Небольшая и тонкая колбаса, которую Казначей Корнелий держал во рту, едва зажав её зубами, обвисла на его пальцах, будто размякла. Его рука держала змею, что заползла прямо в рот Казначея, пуская яд внутри тела. Он не кричал. Это скорее было нечто между громким криком и невнятным мычанием.

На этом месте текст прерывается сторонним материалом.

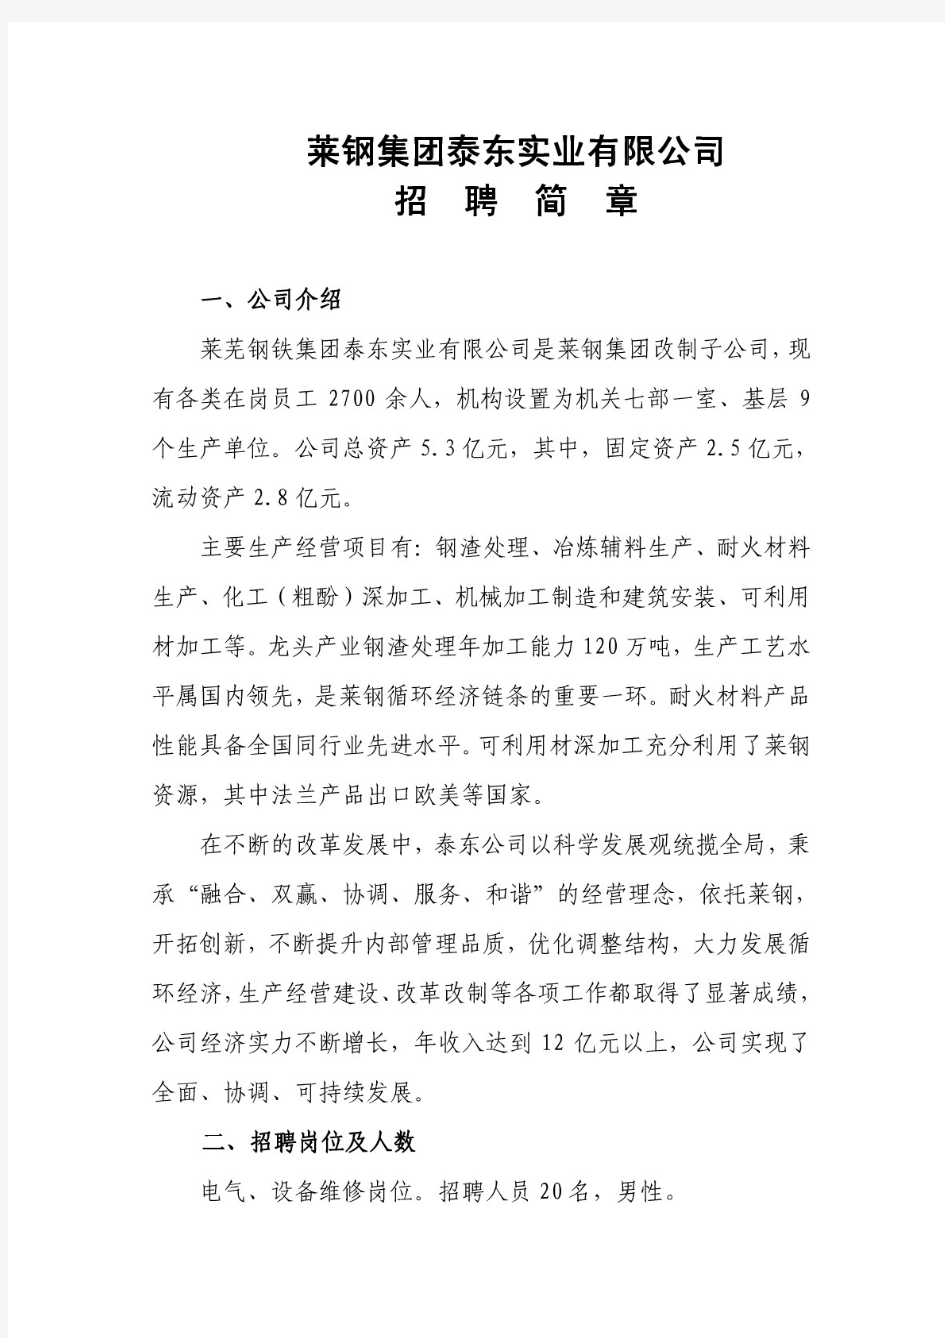 莱钢集团泰东实业有限公司招聘简章

Супруга Барона Силвана, сидевшая рядом, начала вздрагивать, едва откусив кусочек персика. Зрачки на её глазах стали закатываться к верху. Голова Баронессы продолжала дёргаться, но с ещё большей силой. Зрачки постепенно исчезали из виду и на их месте остались лишь белые склеры, покрывшиеся множеством тонких красных сосудов. Из ушей, ноздрей, рта и глаз потекли тонкие багровые ручейки.
Сумасшедшая паника воцарилась в королевском зале. Трагедия для хозяев, праздник для Него.
К восходу луны тридцать шесть человек скончались, сидя за королевским столом. Среди детей в живых остались лишь только что крещёный Вильгельм, двое из четырёх его братьев, единственная одиннадцатилетняя дочка Маршала Октавиана, сын Канцлера Клауса, дочь Конюшего Фабриция и две осиротевшие дочери Казначея Корнелия, чью мать убила ядовитая кобра, что когда-то лежала на столе в виде бараньей кишки, нафаршированной овощами. Барон Силван потерял не только свою супругу, с которой они прожили сорок восемь лет, но и единственного сына с невесткой и всех семерых внуков.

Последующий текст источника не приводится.